Mengutip perlunya stabilitas politik untuk mendorong pembangunan ekonomi, pemerintah Orde Baru
melakukan proyek "depolitisasi" yang ditujukan untuk kelompok-kelompok Muslim. Proyek ini tercermin
dalam kebijakan seperti memaksa partai-partai Islam untuk bergabung menjadi satu partai (1973)
memperkenalkan pernikahan nasional b untuk "menyatukan" pernikahan Indonesia aw (1973),
"mendirikan MUI (Majelis Ulama Majelis Ulama Indonesia Majelis Ulama Indonesia) ) pada tahun 1975
sebagai badan korporatis yang biasa mengeluarkan dekrit agama (fatn) untuk mendukung "kebijakan
pembangunan," menetapkan Penatara Pacasila (Pelatihan Pancasila) sebagai mata pelajaran wajib
dalam kurikulum sekolah (1978), dan melakukan penumpasan berdarah terhadap Muslim "radikal"
kelompok (1976, 1981, 1984) .Kebijakan-kebijakan ini tampaknya telah terbukti berhasil pada akhir
1970-an dan awal 1980-an. Kelompok Islam dan Muslim dihalangi untuk menjadi penantang di arena
politik dan bahkan dibujuk untuk memasukinya. Bagi banyak aktivis Muslim, Suharto kebijakan
menandai "jalan buntu" atau Islam Politik. Namun, sebagai respons terhadap pembatasan ini, berbagai
aliran Islam politik mengalir keluar, beberapa di antaranya di bawah tanah, untuk mencari jalan keluar.

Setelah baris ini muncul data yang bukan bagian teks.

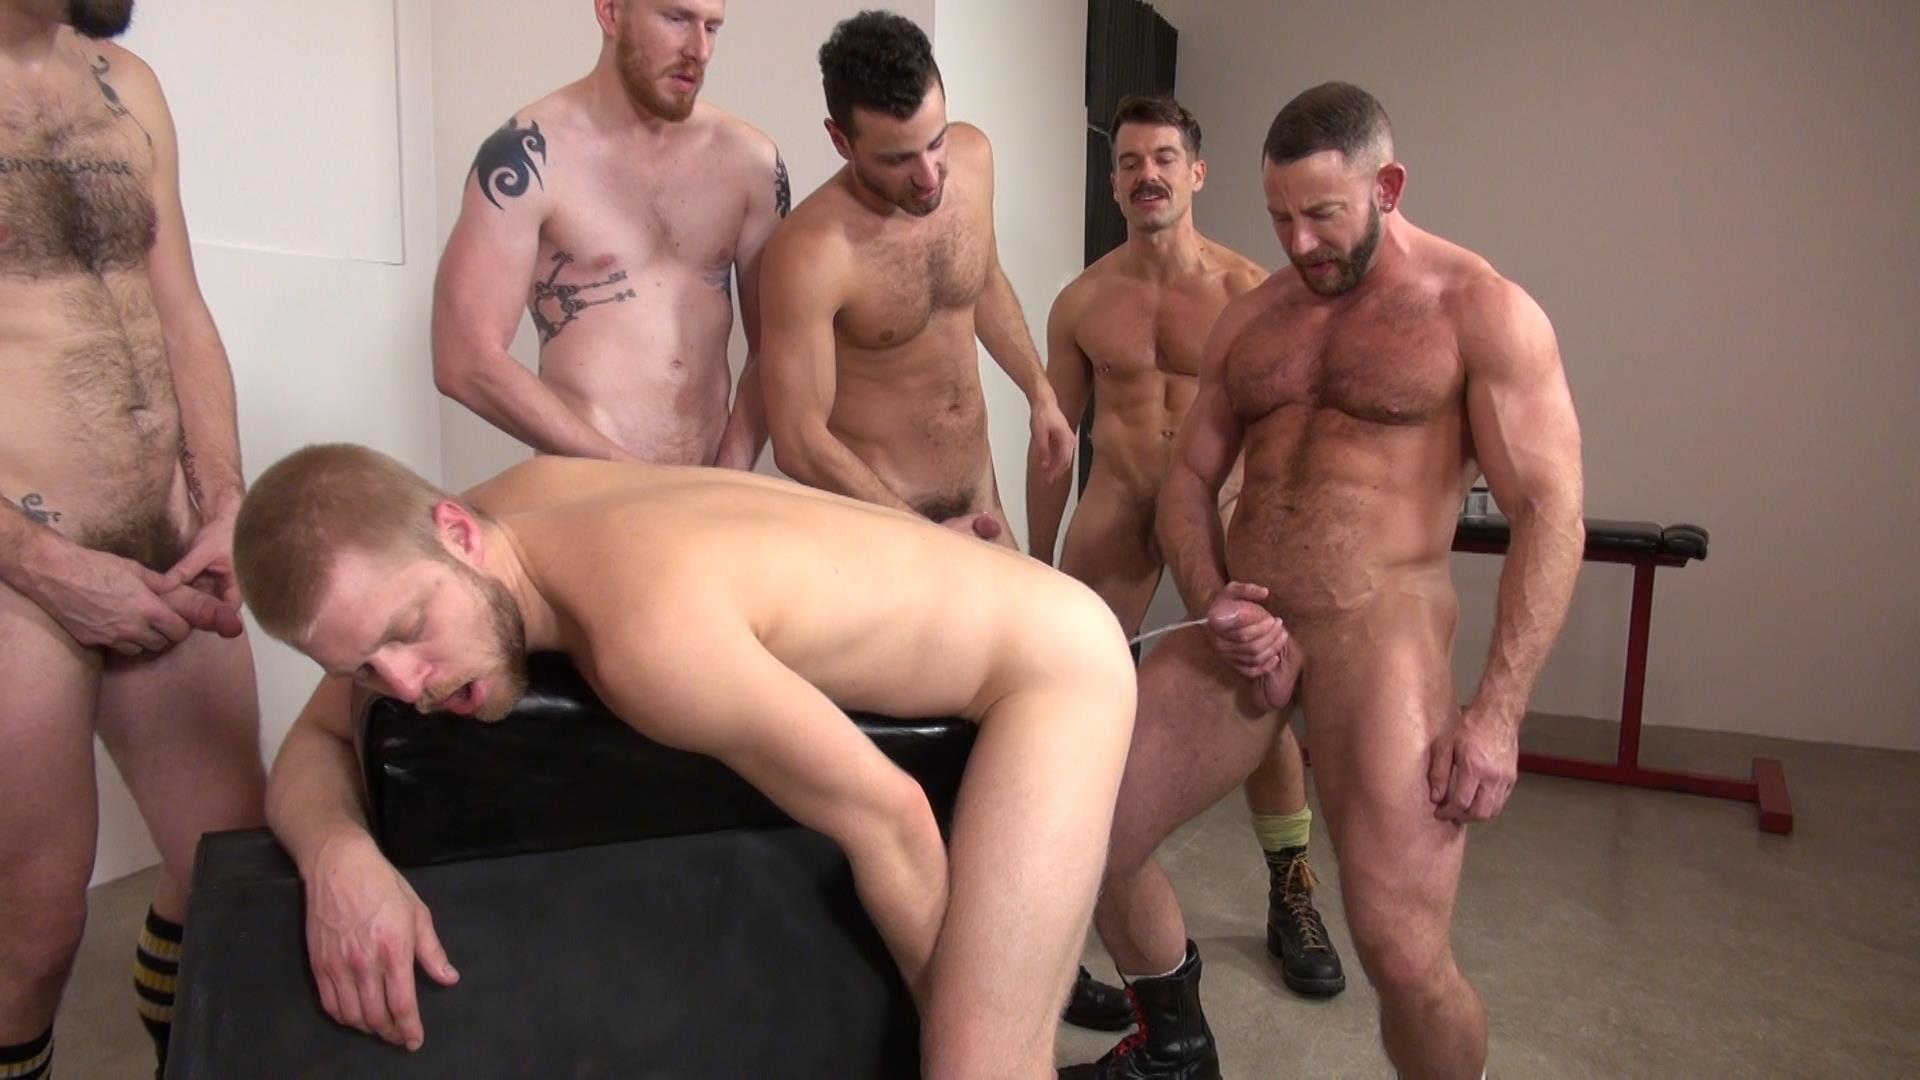 Bear Orgy Porno get along gay video raw orgy - porn images.
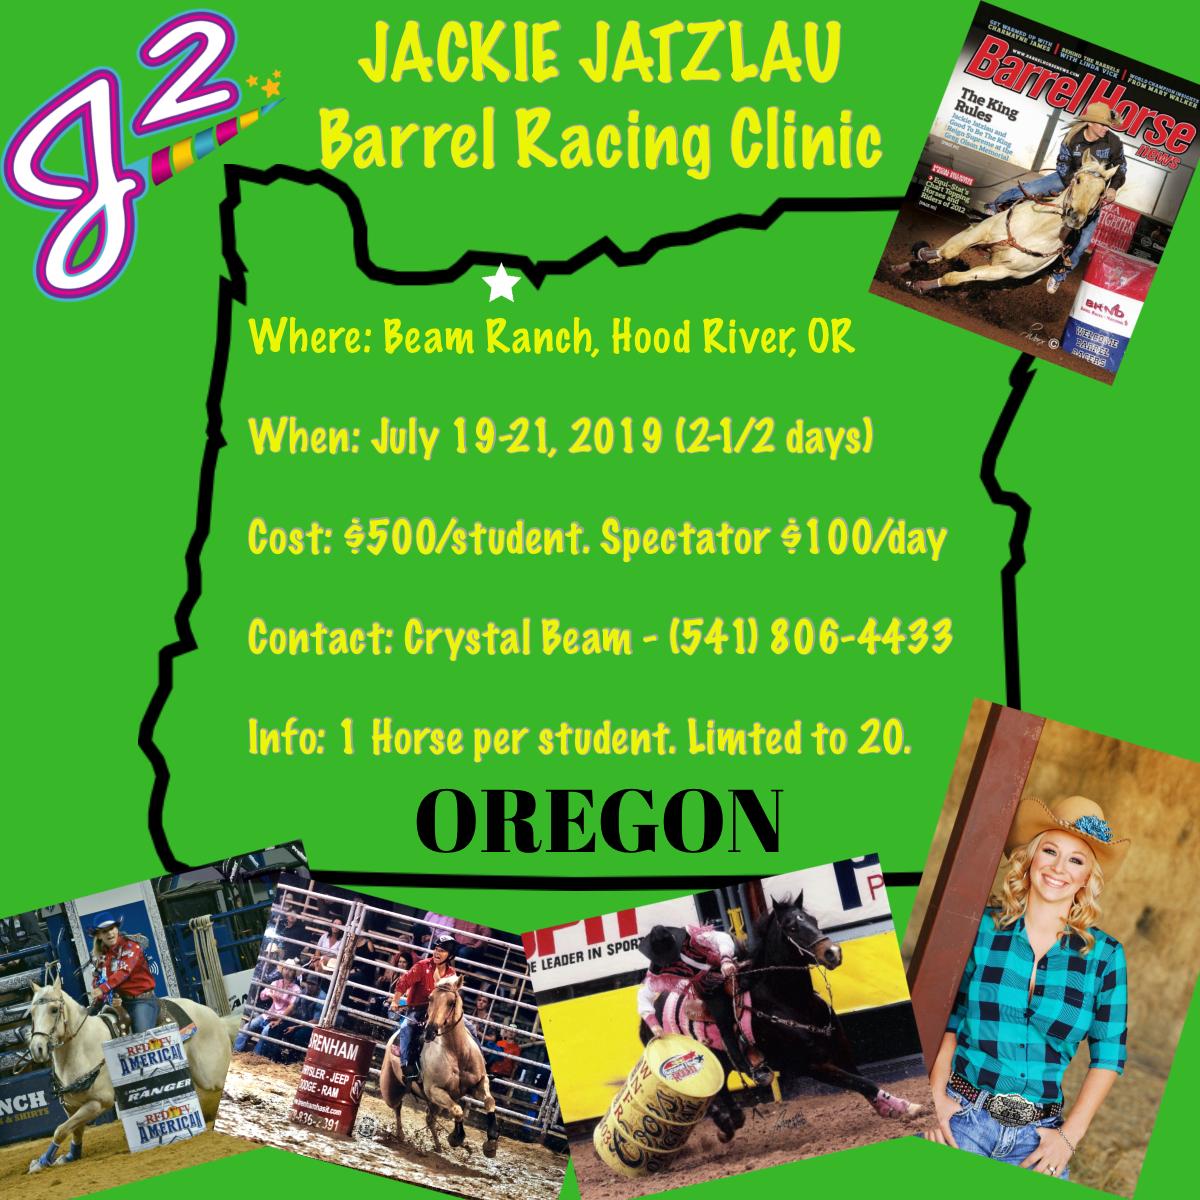 Oregon Clinic Announcement.jpg

dan "jalan buntu" ini. Beberapa mengusulkan "merumuskan kembali dasar teologis politik Islam" untuk
menjembatani kesenjangan antara Islam dan negara dan memungkinkan umat Islam untuk memasuki
birokrasi negara. Di antara aktivis ini, banyak yang percaya bahwa Islam harus memainkan peran penting
dalam mengelola masyarakat. Namun, sebagian besar tidak memiliki keberanian atau kekuatan untuk
menantang rezim secara terbuka di arena politik. Mayoritas aktivis Muslim sangat menginginkan
perubahan, tetapi frustrasi, dan berpotensi siap untuk mendukung setiap gerakan yang mencari
perubahan sosial dengan mengambil Islam sebagai inspirasi intinya. Ketika wacana ekonomi Islam
diperkenalkan pada awal 1980-an, mereka dengan cepat menanggapinya. Selama periode ini, sementara
benar bahwa pemerintah tidak menyukai gerakan dan bahkan mengeluarkan beberapa peringatan
kepada para aktivisnya, rezim tidak melihat gerakan ekonomi Islam sebagai ancaman politik yang serius
dan dengan demikian mengerahkan upaya kecil untuk meredamnya. Dengan demikian, gerakan ini
mendapatkan popularitas di kalangan aktivis yang mencari platform miring dari mana mereka dapat
mengadvokasi reformasi sosial tanpa secara langsung memprovokasi pemerintah. Gerakan itu "heroik"
cukup untuk menarik, dan pada saat yang sama juga "cukup" cukup Marginalisasi Ekologi yang
Dipersepsikan oleh Muslim Gerakan ekonomi Islam di Indonesia mendapatkan pendukung di antara
mereka yang merasa bahwa kaum Muslim telah terpinggirkan secara ekonomi. Sementara tidak dari
para pendukung awal memahami teori ekonomi Islam yang diperkenalkan oleh gerakan, beberapa
menemukan bahwa banyak argumen jelas bergema dengan persepsi mereka tentang ekonomi. Pesan
powe adalah bahwa sistem ekonomi saat ini telah secara tidak adil menguntungkan sebagian kecil
masyarakat sementara mengabaikan mayoritas. Bagi banyak simpatisan awal gerakan, dominasi orang
Indonesia Tionghoa dalam perekonomian dipandang sebagai bukti ketidakadilan ini. Terlepas dari
ukuran demografisnya (2,5 persen hingga 4 persen dari populasi Indonesia), mereka menjalankan
ekonomi. Orang Indonesia Tionghoa memiliki 63 dari 200 kelompok bisnis terkemuka di Indonesia
(1989) dan setidaknya 80 persen dari 162 perusahaan yang terdaftar di Bursa Efek Jakarta (1993) "Tentu
saja, dominasi Chnese bukanlah hal baru karena etnis Cina telah mendominasi ekonomi sejak masa
kolonial. Namun, kebijakan Orde Baru dalam mengundang investasi asing telah menguntungkan orang
Indonesia Tionghoa yang lebih siap beradaptasi dengan lingkungan ekonomi baru. dan memiliki lebih
banyak modal. Lebih lanjut, banyak orang Indonesia membenci kenyataan bahwa orang-orang Cina
memperoleh hak istimewa khusus dari pemerintah dengan menjalin aliansi erat dengan para elit politik
Orde Baru, yang melahirkan istilah cukong, yang menandakan hubungan antara orang Cina yang tahu
cara mencari uang) dan pejabat Indonesia (yang memberikan perlindungan dan pengaruh. Koneksi ini
memberi Cina Cina berbagai privile ges: keringanan pajak, pendanaan bank negara, akses ke impor dan
lisensi perdagangan, pengenalan kepada investor asing, dan kebebasan dari pelecehan. Misalnya, usaha
patungan antara Toyota dan William Suryajaya dan antara Matsushita dan Thajeb.